The researchers conclude that the study shows the potential of their digital mask algorithm in protecting patients’ image information from data breaches and misuse while still preserving the medical information doctors require, as options explored in other studies have removed too much data for doctors to make accurate diagnoses. They add the study also shows their technology’s “acceptability to healthcare users.”

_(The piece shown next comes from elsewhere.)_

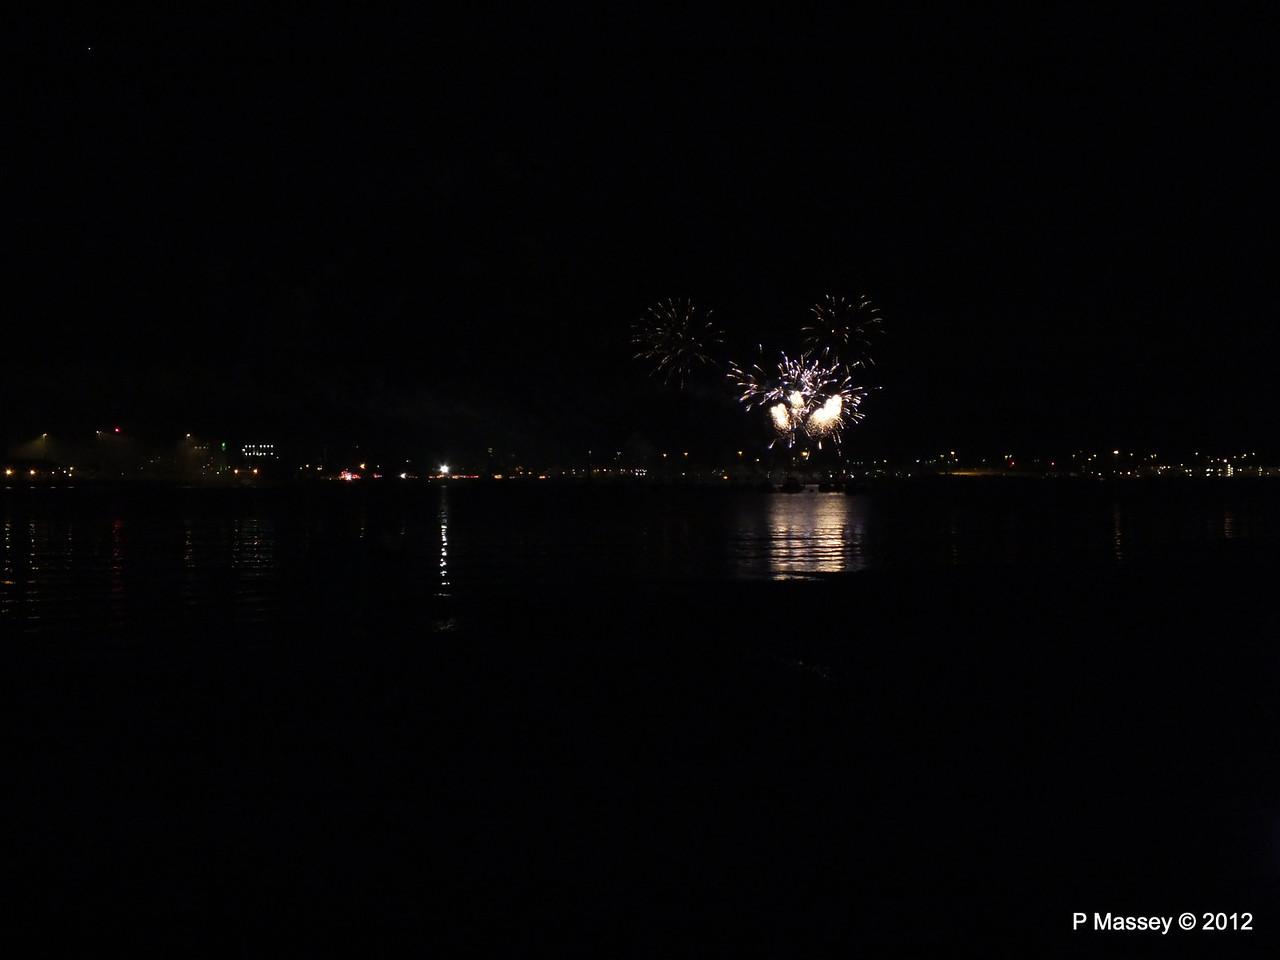 Fireworks off Mayflower Park PDM 03-11-2012 20-52-40

However, they write that more work will need to be done to overcome the limitations of their study, such as reconstruction challenges for images relating to certain conditions, limited sample size, and remaining privacy issues relating to possible exposures of patient video and their algorithm potentially being attacked.

“Future work is necessary to further evaluate the applicability of [digital mask technology] in a wider variety of clinical settings as the requirements for de-identification will vary according to the type of imaging dataset used,” they add.